Этот человек рядом, он лежит, уперев локти в брезент, положив голову на сцепленные руки, он курит сигарету, он сдвинул на лоб свой розовый берет, он шевелит пальцами ног, наслаждаясь тем, что снял сапоги. Он думает, рассматривает, как впаяно в глубину земли огромное рудное тело, чудовищный слиток почти совсем чистого металла. Пока что никто еще не знает о находке, но узнает весь мир. Таких месторождений на планете всего три. Сухов открыл четвертое.
Зависть моя, досада и боль сливаются в один колючий клубок. Я никого не виню. Я понимаю, что обида моя ни на кого — я все понимаю. И все-таки этот клубок растет и раздирает меня.
Человек, увидевший то, чего никто не замечал, всегда для меня укор и загадка, которую никогда не отгадать. Да и как ее отгадать, если сам ни в чем не похож на такого человека. И отделяет тебя от него всего лишь небольшая будто бы, незаметная совсем грань. Но эту грань я-то теперь ни за что уж не перейду. Я достаточно умен, чтобы с болью признать это. Называется грань талантом.
Необъяснимая, странная, удивительная это штука. Если взять знания, их у меня, пожалуй, не меньше, чем у Сухова, а может, кое в чем и больше. Если жизнь нашу сравнить, повидал я, конечно, больше его. Но не мог я переступить невидимую ступень смелости и дерзости. Не сумел нарушить каких-то канонов и попал в зыбучую пучину мелочей. И теперь не могу выбраться. И не смогу. Не сумею, чувствую, что не сумею.
Дима докурил сигарету, сунул в песок, потянулся.
— Ну, старина, мне пора!
Он потрепал меня по плечу. Он вернулся на мгновенье из своих мыслей и спросил:
— А что у вас хорошего?
— Геологическая съемка. Сам знаешь, — ответил я, и голос показался мне чужим. — Так, бродим по берегам...
Дима быстро посмотрел на меня и ничего не сказал.
Дождь по-прежнему ровно и равнодушно поливал березы, берег, палатки.
Дима надел едва подвяленную телогрейку, завернул спички в непромокаемый пакет и стал прощаться.
Булькнула вода под винтом, лодка отвалила от катера. Дима прощально поднял руку и стремительно оглядел наш лагерь. Мы встретились глазами, он подмигнул мне и отвернулся.

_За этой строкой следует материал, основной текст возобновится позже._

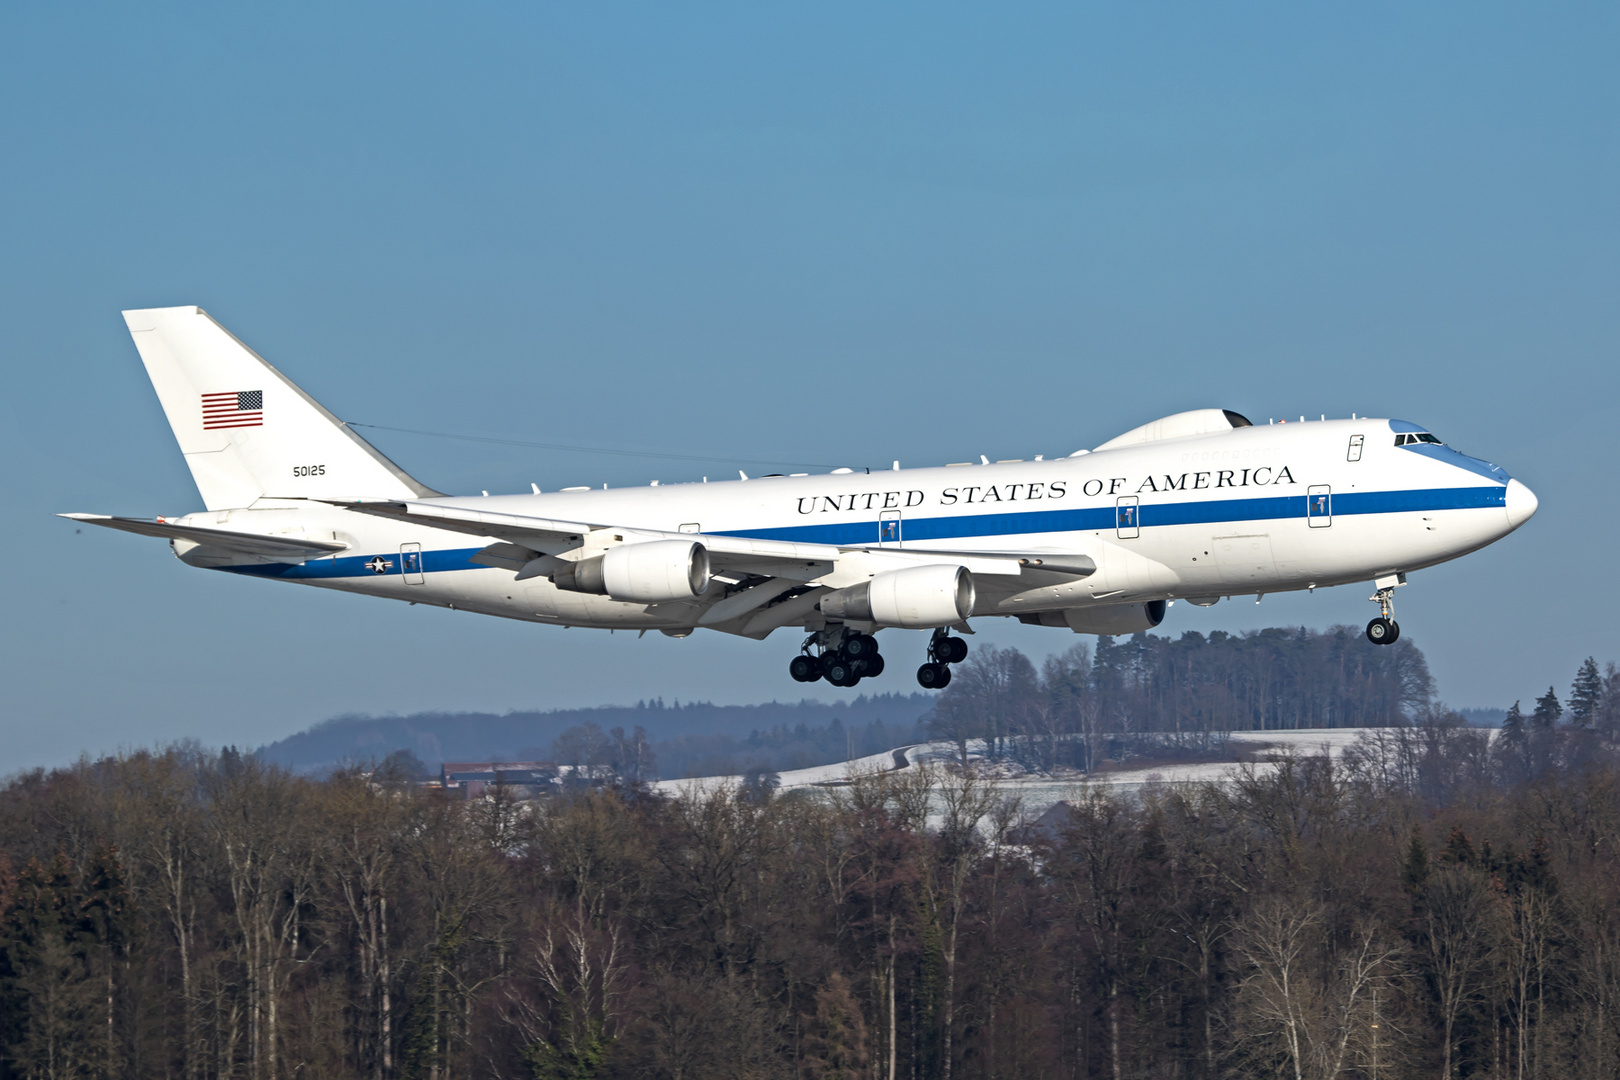 USAF Boeing E-4B, 747-200, 75-0125, "Nightwatch", Landung auf Rwy 14 ZRH

Лодка врезалась в сырые волокна дождя.
Я сел на бревно. Я словно впервые увидел эту мокрую парусину, мокрые листья, мокрые стволы и катер, приткнувшийся к берегу. Все показалось убогим, будничным.
Дождь, не переставая, стучал по тенту. Синий дым от погасшего костра жался к ногам, как вымокший кот. И не верилось, что за жухлой завесой дождя кроются просторы таежных берегов, таятся лики солнца и звезд.
8
Через лохмы тумана, застелившего долину, проглядывала речка Кут. А когда солнце вытопило раннюю сырость, поезд подошел к конечной станции, и открылась ослепительная даль впервые увиденной Лены. Тогда еще не было речи о Байкало-Амурской магистрали, но необходимость ее чувствовалась, и не верилось, что дорога так и закончится надолго тупиком...
Короткий разговор в конторе порта Осетрово, и мы спешим к причалу, где ждет катер. Вдогонку за грузовыми баржами, недавно ушедшими вниз по реке! Среди дня догнали этот необычный караван — два огромных сухогруза счалены друг за другом, получилась длинная и мощная посудина. Впервые по Лене идет такой «воз».
Дни наполнились просторами, раздающейся вширь реки. Позади Киренск, устье Чаи, двойное устье Витима, пробившего синие хребты; ворота алмазного Мирного — Ленск, дымящийся в вечернем холодке трубами энергопоезда; грандиозное зрелище вечерней грозы в устье Олёкмы. И долгие беседы в тесноватой рубке, рассказы капитана-наставника, знающего Лену во всех течениях, во все времена года, помнящего имена речников чуть ли не до третьего колена...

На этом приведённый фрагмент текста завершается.